10.5194/tc-13-1409-2019 ◽

2019 ◽

Vol 13 (4) ◽

pp. 1409-1422

Author(s):

Daniel Price ◽

Iman Soltanzadeh ◽

Wolfgang Rack ◽

Ethan Dale

Keyword(s):

Sea Ice ◽

Snow Depth ◽

Snow Accumulation ◽

In Situ Measurements ◽

Ice Thickness ◽

Growth Season ◽

Mcmurdo Sound ◽

Sea Ice Thickness ◽

Antarctic Sea Ice

Abstract. Knowledge of the snow depth distribution on Antarctic sea ice is poor but is critical to obtaining sea ice thickness from satellite altimetry measurements of the freeboard. We examine the usefulness of various snow products to provide snow depth information over Antarctic fast ice in McMurdo Sound with a focus on a novel approach using a high-resolution numerical snow accumulation model (SnowModel). We compare this model to results from ECMWF ERA-Interim precipitation, EOS Aqua AMSR-E passive microwave snow depths and in situ measurements at the end of the sea ice growth season in 2011. The fast ice was segmented into three areas by fastening date and the onset of snow accumulation was calibrated to these dates. SnowModel captures the spatial snow distribution gradient in McMurdo Sound and falls within 2 cm snow water equivalent (s.w.e) of in situ measurements across the entire study area. However, it exhibits deviations of 5 cm s.w.e. from these measurements in the east where the effect of local topographic features has caused an overestimate of snow depth in the model. AMSR-E provides s.w.e. values half that of SnowModel for the majority of the sea ice growth season.
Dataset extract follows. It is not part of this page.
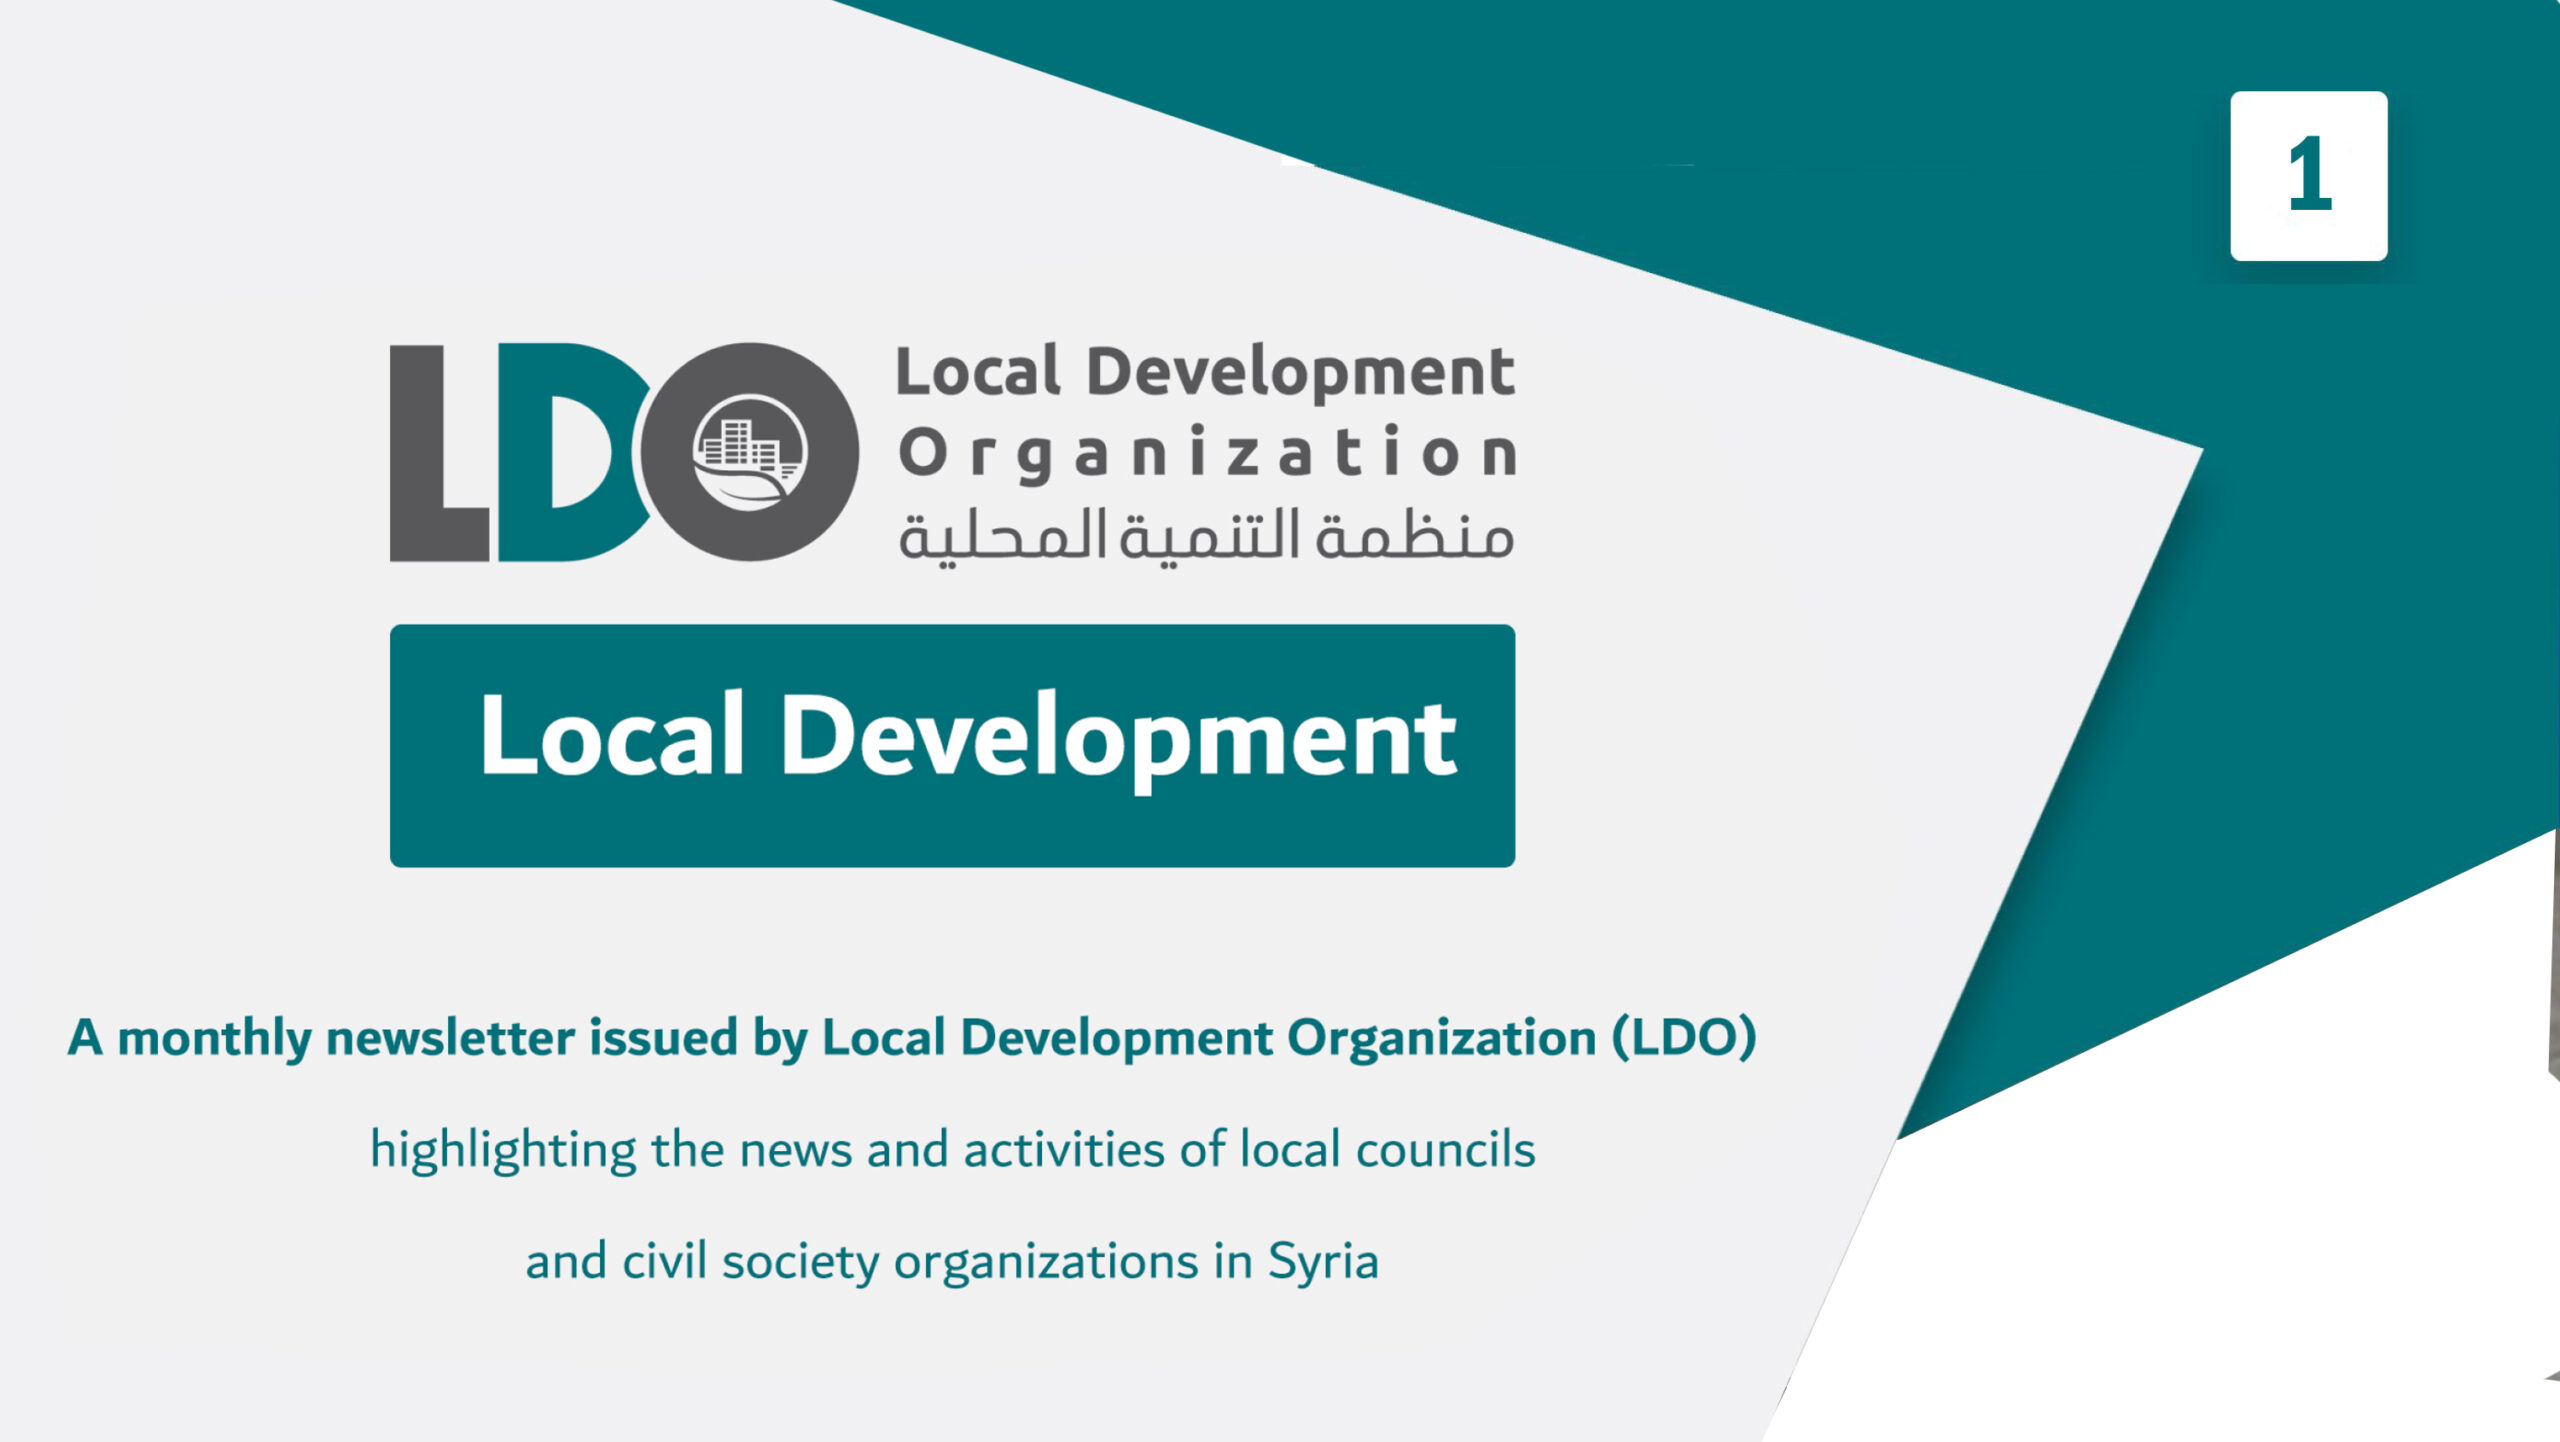 The First issue – Local Development

The coarser-resolution ERA-Interim produces a very high mean s.w.e. value 20 cm higher than the in situ measurements. These various snow datasets and in situ information are used to infer sea ice thickness in combination with CryoSat-2 (CS-2) freeboard data. CS-2 is capable of capturing the seasonal trend of sea ice freeboard growth but thickness results are highly dependent on what interface the retracked CS-2 height is assumed to represent. Because of this ambiguity we vary the proportion of ice and snow that represents the freeboard – a mathematical alteration of the radar penetration into the snow cover – and assess this uncertainty in McMurdo Sound. The ranges in sea ice thickness uncertainty within these bounds, as means of the entire growth season, are 1.08, 4.94 and 1.03 m for SnowModel, ERA-Interim and AMSR-E respectively. Using an interpolated in situ snow dataset we find the best agreement between CS-2-derived and in situ thickness when this interface is assumed to be 0.07 m below the snow surface.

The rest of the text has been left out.